Acaba niçin halkı Müslüman olan ülkelerde bu terör yaygınlaşıyor. Acaba bunun arkasında kimler var, hangi ülkeler var. Niçin bunlar halkı Müslüman olan ülkelerde oluyor? Bunun iç savaşa dönüşmesi çok anlamlıdır. Ta başından itibaren, İslam Konferansı olarak çıkmış bu örgüte, konferans ismi yakışmıyor. Bir yerde konferans verirsin. Bunun bir teşkilat, örgüt haline gelmesi gerekir. Şimdi temenni ediyorum ki İslam İşbirliği Teşkilatı teşkilatçılığın en önemli adımlarını atıyor.
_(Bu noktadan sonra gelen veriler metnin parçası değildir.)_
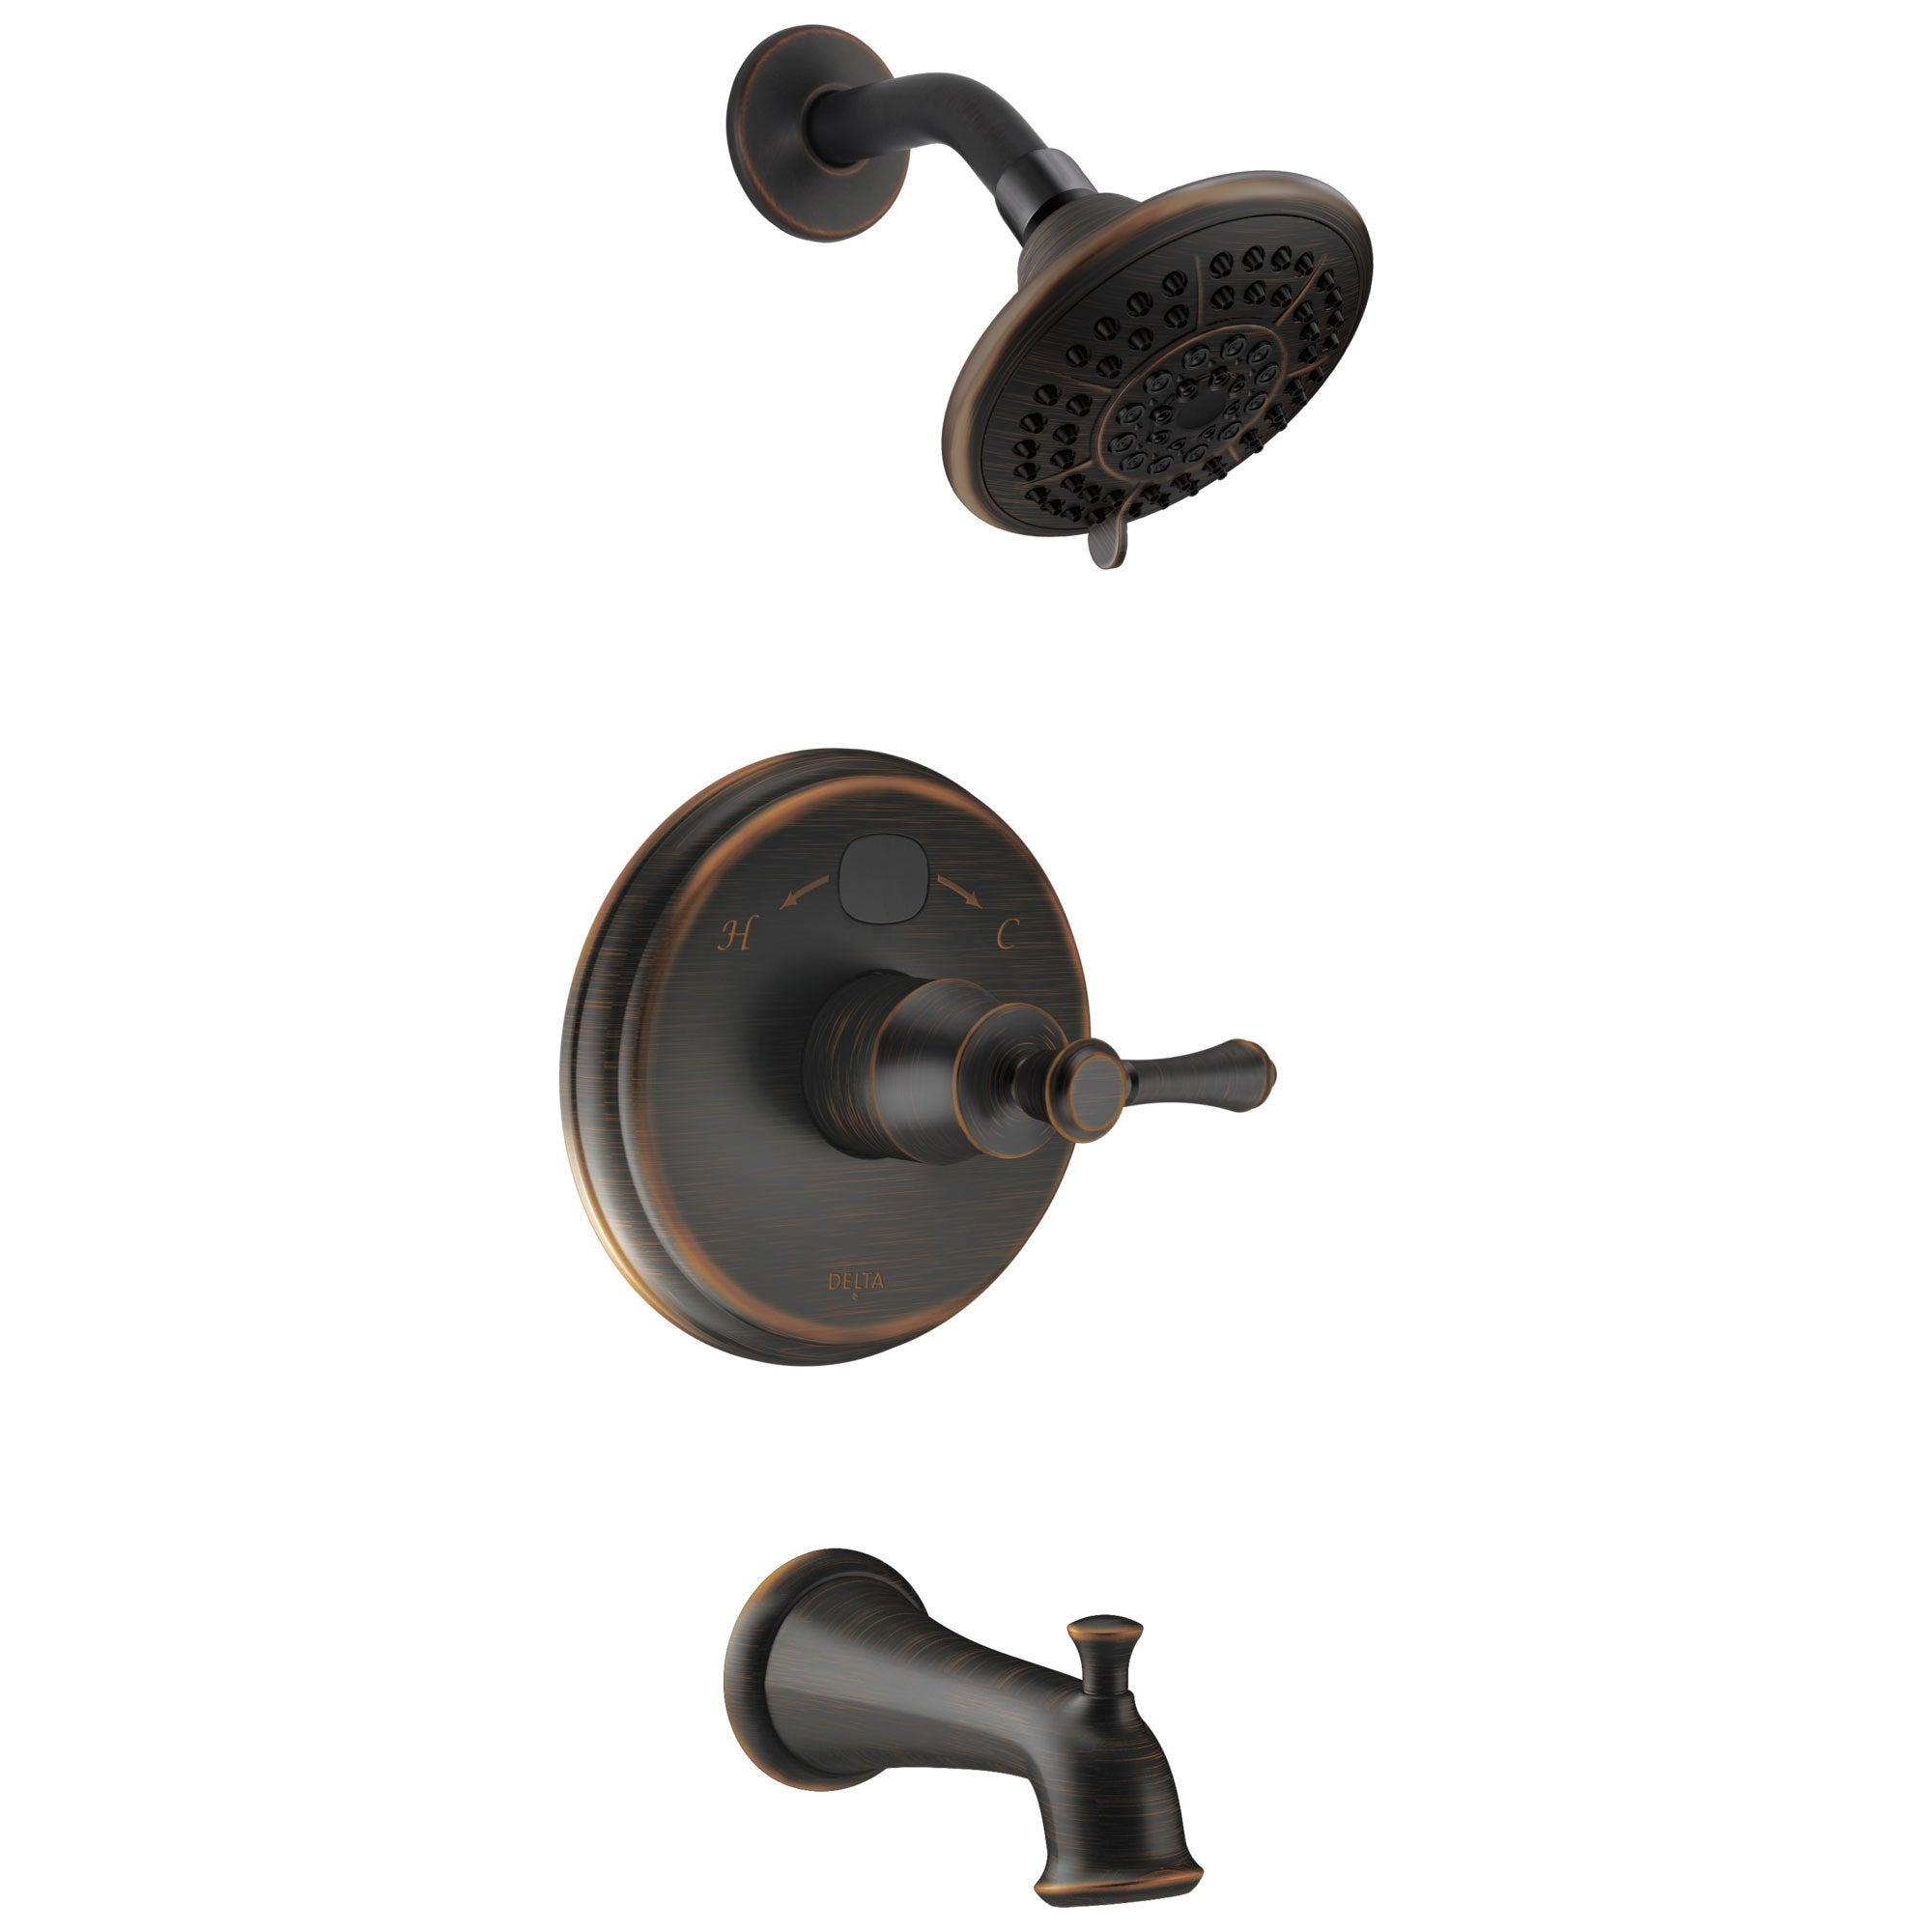 Delta Venetian Bronze MultiChoice 14 Series Temp2O Digital One Handle Tub and Shower Combination Faucet Complete item: Trim Kit and Rough-in Valve Included 732768

Terör ağırlıklı olarak, dikkat ettiyseniz görüşüldü. Mezhepçiliğe vurgu yapıldı. İslam İşbirliği Teşkilatı Polis Koordinasyon Merkezi’nin kabul görmesinden memnuniyet duyuyoruz. Aynı şekilde Suudi Arabistan liderliğinde kurulan Teröre Karşı İslam Grubu’nun etkin hale getirilmesini istiyoruz.
Biliyorsunuz, İİT’nin bir gençlik yapılanması var. Biz dedik ki, dünyanın yarısından fazlası kadın. Bu teklifi görüştüğüm liderlerle de paylaştığım gibi bir kadın yapılanması konusunda adım atalım dedik. Aslında Mısır’da benzer bir adım atıldı. Bir de kadın kolları olsun. Kadın yaklaşımını onlar bizzat ortaya koysunlar. Erkek niye bu beyanları yapsın ki, bunu bırakalım kadınlar bizzat kendileri yapsın. Görüştüğüm liderlerin hemen hemen hepsi de olumlu beyanda bulundular. Zaten sonbaharda, İstanbul’umuzda bir konferans var. Kadın konferansı demiyorum. O farklı bir şey, bir de kadın kolları diye bir birimin olmasını önemsiyorum. İİT üyesi ülkelerin ilk gençlik zirvesi İstanbul’da yapıldı. 56 İslam ülkesinin ortak bir kızılayı yok.
Merkezi İstanbul olan bir tahkim müessesi kurulmalıdır. Asya, Afrika ve Arap grubunun yanına Avrupa Müslümanları grubunun yer almasını istiyoruz. Müslümanları yakından ilgilendirdiğine inandırdığım bir hususa değinmek istiyorum. Azeri kardeşlerimizin Ermeni işgali altında bulunan ve 25 yıldır BM’nin Azeri kardeşlerimizin lehine karar vermesine rağmen, Minsk Üçlüsü’nün sonuçlandırmamasını ben anlayamıyorum. Bu konuda da ciddi adımların atılması gerektiğini, 13. İslam İşbirliği Teşkilatı Zirvesi’nin basın açıklamasında dile getirmiş oluyoruz.
Kosova’yı tanımamış Müslüman ülkelerin olmasını da anlamıyorum. Cammu Keşmir sorununu çözümünde halkların tercihine kulak verilmeyen bir mesele. Bilhassa Müslümanların azınlık olduğu yerlerde etkisi hissedilen İslamofobi, baskı, şiddet ve diğer tüm olumsuzlukların önüne geçilmesi için İslam ülkelerinin hep birlikte hareket etmesi şarttır. Müslüman olmayanların meselesini niçin Müslüman olmayanlara havale ediyoruz ki? Müslümanların meselesini Müslümanların çözmesi lazım.
Irak’ta petrol varlığının yüzde 80’ini müdahale edenler paylaşmaktadır. Iraklılar da bunu kendi aralarında paylaşamamaktadır. Libya’ya bakın, aynısını göreceksiniz. Libya’daki olaylarda gelişmiş ülkelerin o bankalardaki paraları 170 milyar dolar. Şimdi maalesef 30-40 milyar dolar civarında olduğunu öğrendim. Yok kurdu, yok şuydu. Zaten istediğin zaman çekebildiğin bir para değil. Biz İslam İşbirliği Teşkilatı’nın adına yakışır hareket etmesi için mücadele ettik, edeceğiz.